DATA SHOWN Block Start
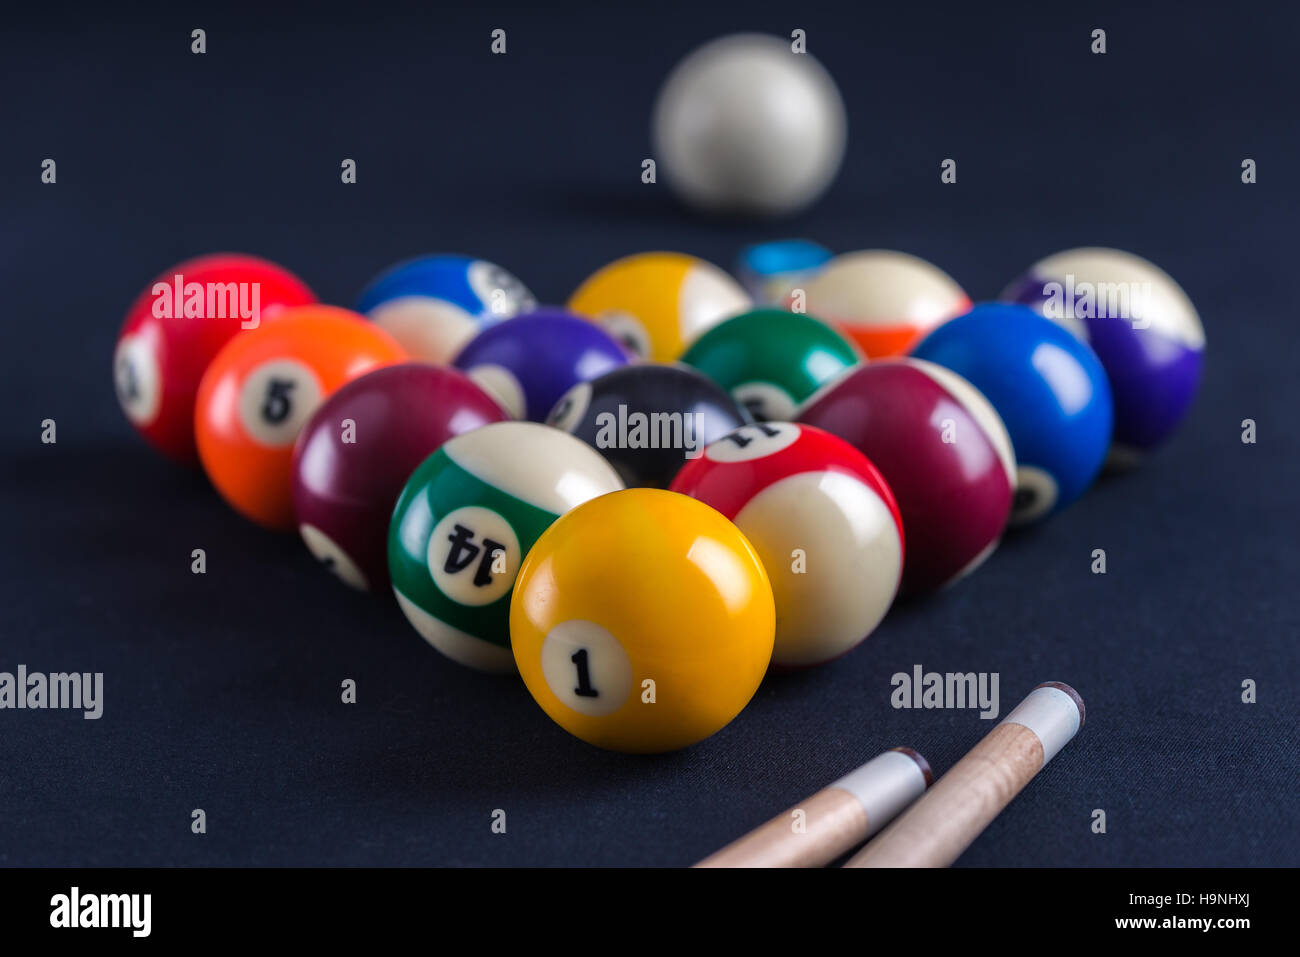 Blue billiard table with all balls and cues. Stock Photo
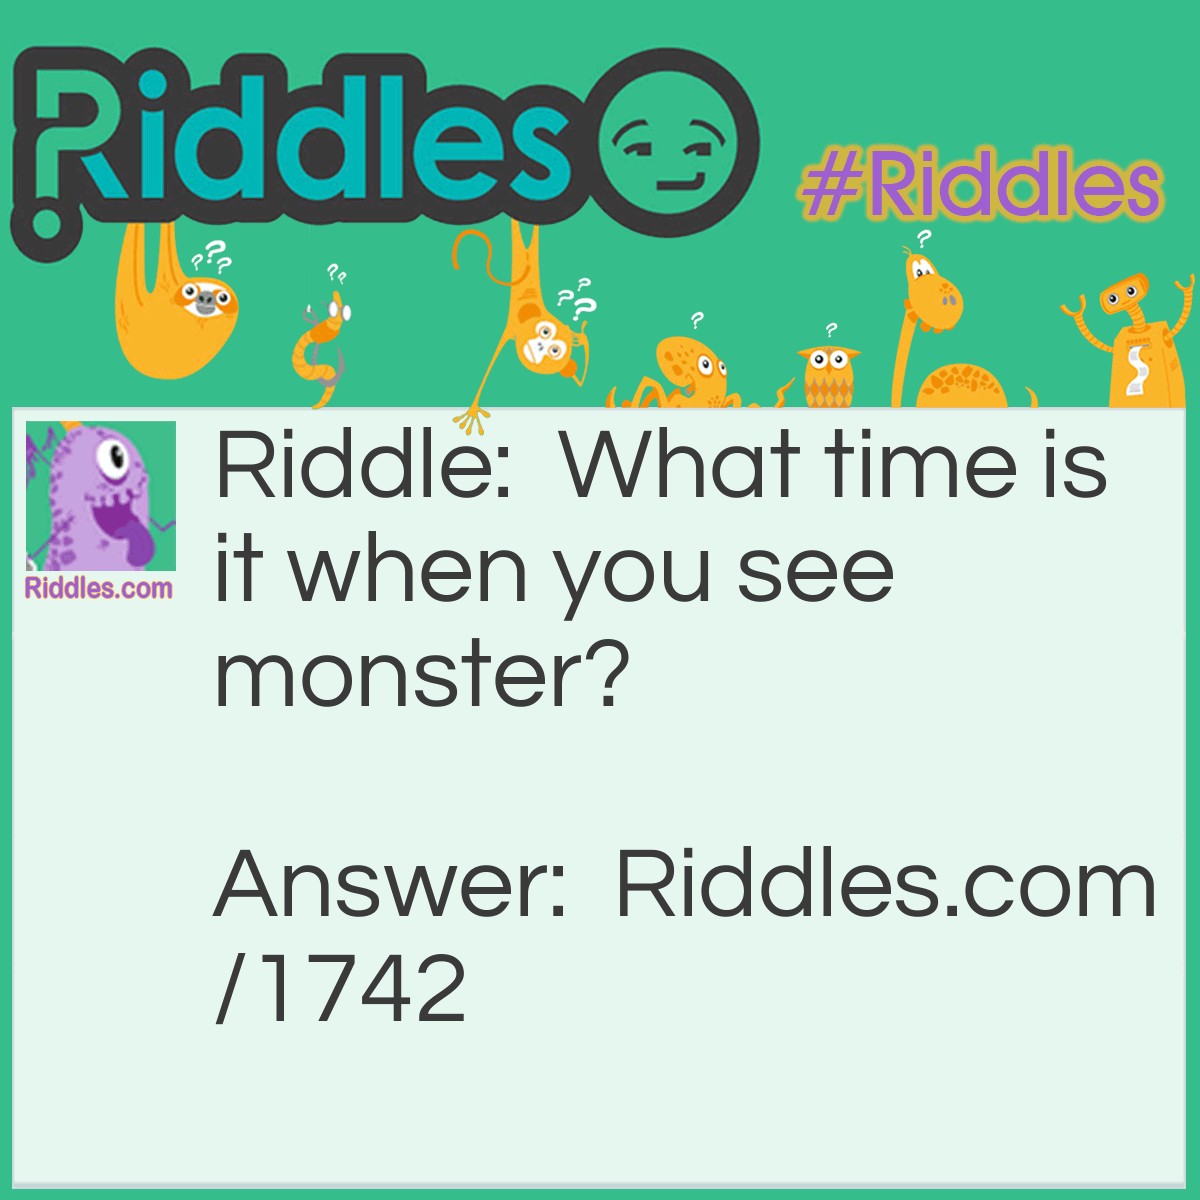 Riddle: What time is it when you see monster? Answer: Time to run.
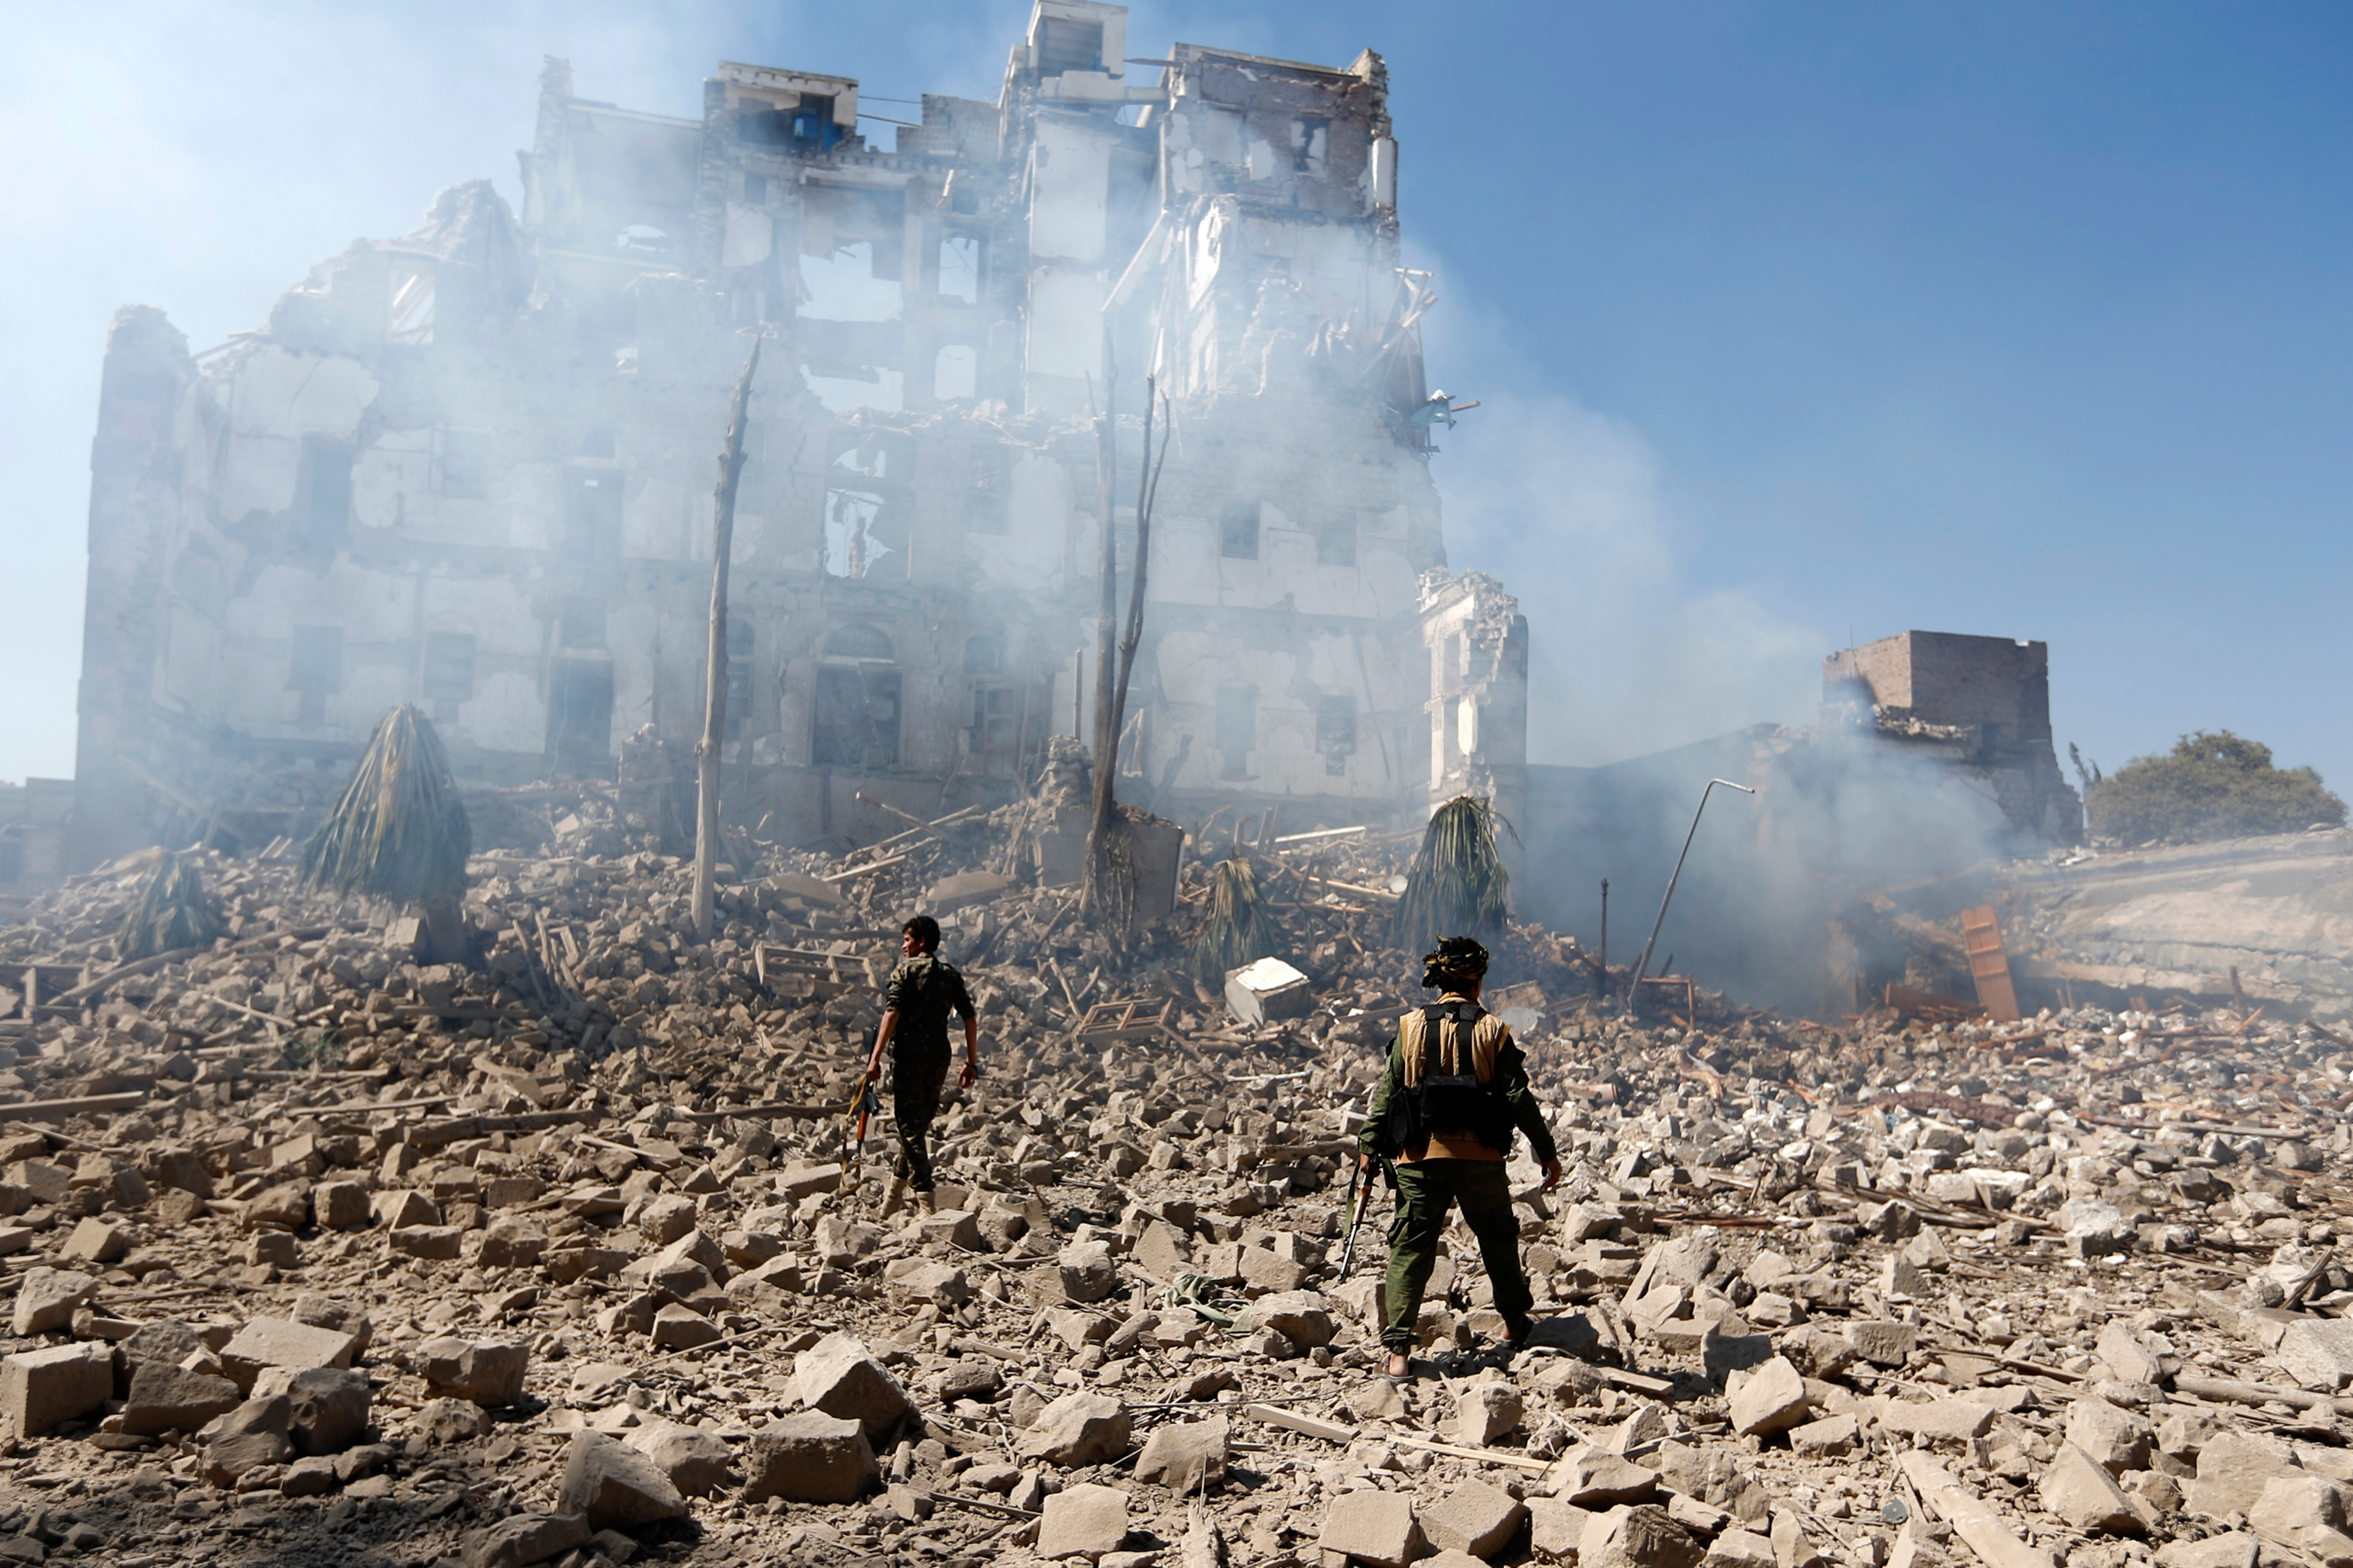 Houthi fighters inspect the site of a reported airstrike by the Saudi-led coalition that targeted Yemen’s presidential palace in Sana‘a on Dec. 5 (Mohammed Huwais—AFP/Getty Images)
DATA SHOWN Block End
— EXERCISE INSTRUCTIONS —
Apart from its pictures, the material above should be repeated exactly.

— RESPONSE —
 Blue billiard table with all balls and cues. Stock Photo
 Riddle: What time is it when you see monster? Answer: Time to run.
 Houthi fighters inspect the site of a reported airstrike by the Saudi-led coalition that targeted Yemen’s presidential palace in Sana‘a on Dec. 5 (Mohammed Huwais—AFP/Getty Images)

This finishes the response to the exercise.